You will still have to enforce the max change of 10 degrees rule, perhaps that should just make the cost function enormous if it is violated? Perhaps there is a cleaner way to specify sequence constraints in optimization algorithms (I don't know how).
I feel like if you can find the right optimization with the right parameters this should be able to simulate your problem.
You don't give us a lot of detail to work with, so I'll assume the following:
random numbers are to be drawn from [-127+theta +127-theta]
all random numbers will be drawn from a uniform distribution
all random numbers will be of type int8
Then, for the first 3 requirements, you can use this:
N = 1e4;
theta = 40;
diffVal = 10;
g = #() randi([intmin('int8')+theta intmax('int8')-theta], 'int8') + theta;
V = [g(); zeros(N-1,1, 'int8')];
for ii = 2:N
V(ii) = g();
while abs(V(ii)-V(ii-1)) >= diffVal
V(ii) = g();
end
end
inline the anonymous function for more speed.
Now, the last requirement,
D == sum(L*cos(V-theta))
is a bit of a strange one...cos(V-theta) is a specific way to re-scale the data to the [-1 +1] interval, which the multiplication with L will then scale to [-L +L]. On first sight, you'd expect the sum to average out to 0.

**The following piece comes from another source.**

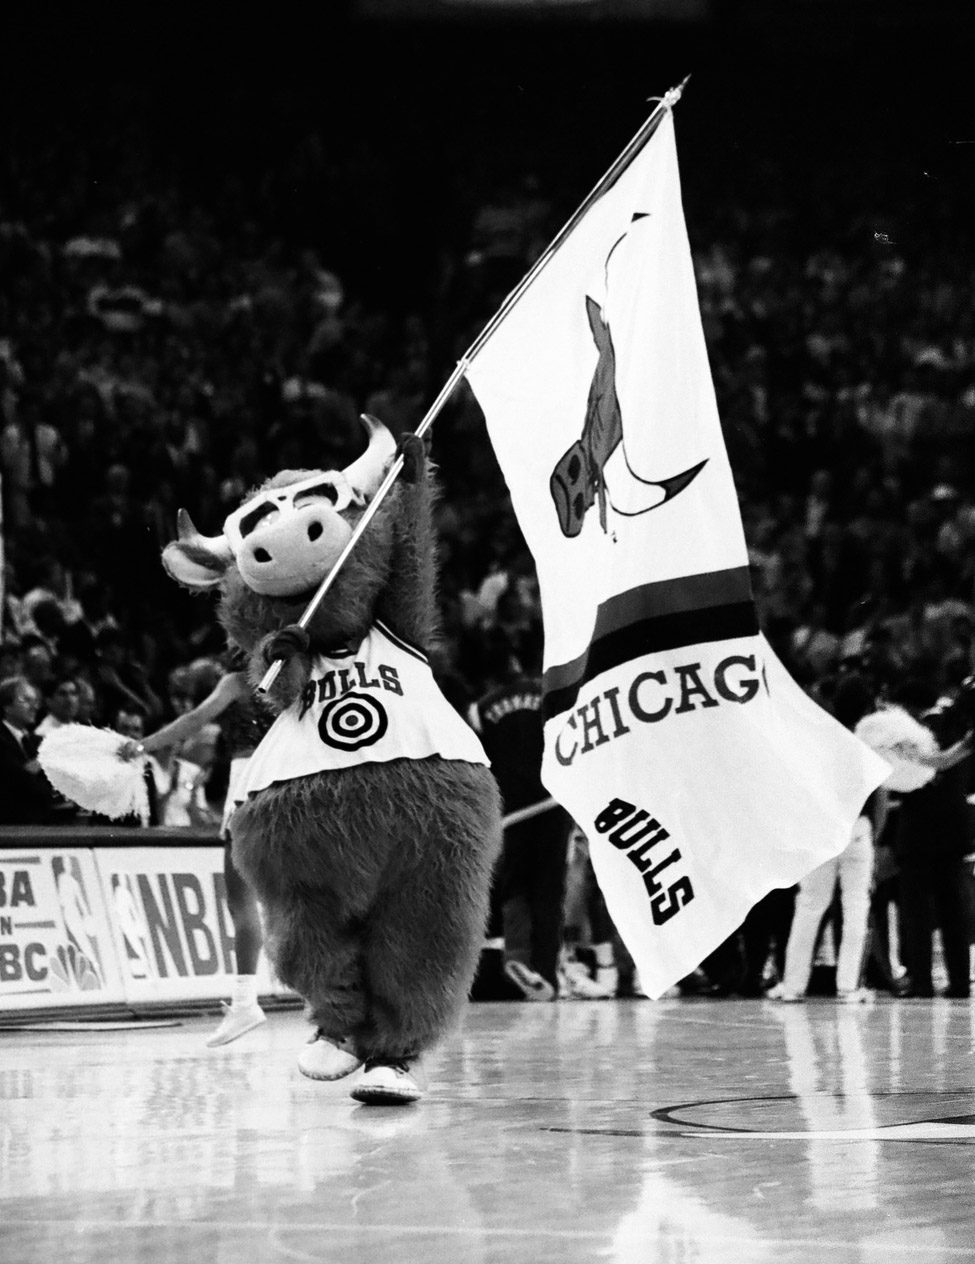 Black and white photograph of the Bulls mascot, a fuzzy bull with a round belly, wearing a Bulls jersey and glasses carries a white flag with the Bulls logo and the words "Chicago Bulls" across the court.

However, the expected value of cos(x) when x is a random variable from a uniform distribution in [0 2*pi] is 2/pi (see here for example). Ignoring for the moment the fact that our limits are different from [0 2*pi], the expected value of sum(L*cos(V-theta)) would simply reduce to the constant value of 2*N*L/pi.
How you can force this to equal some other constant D is beyond me...can you perhaps elaborate on that a bit more?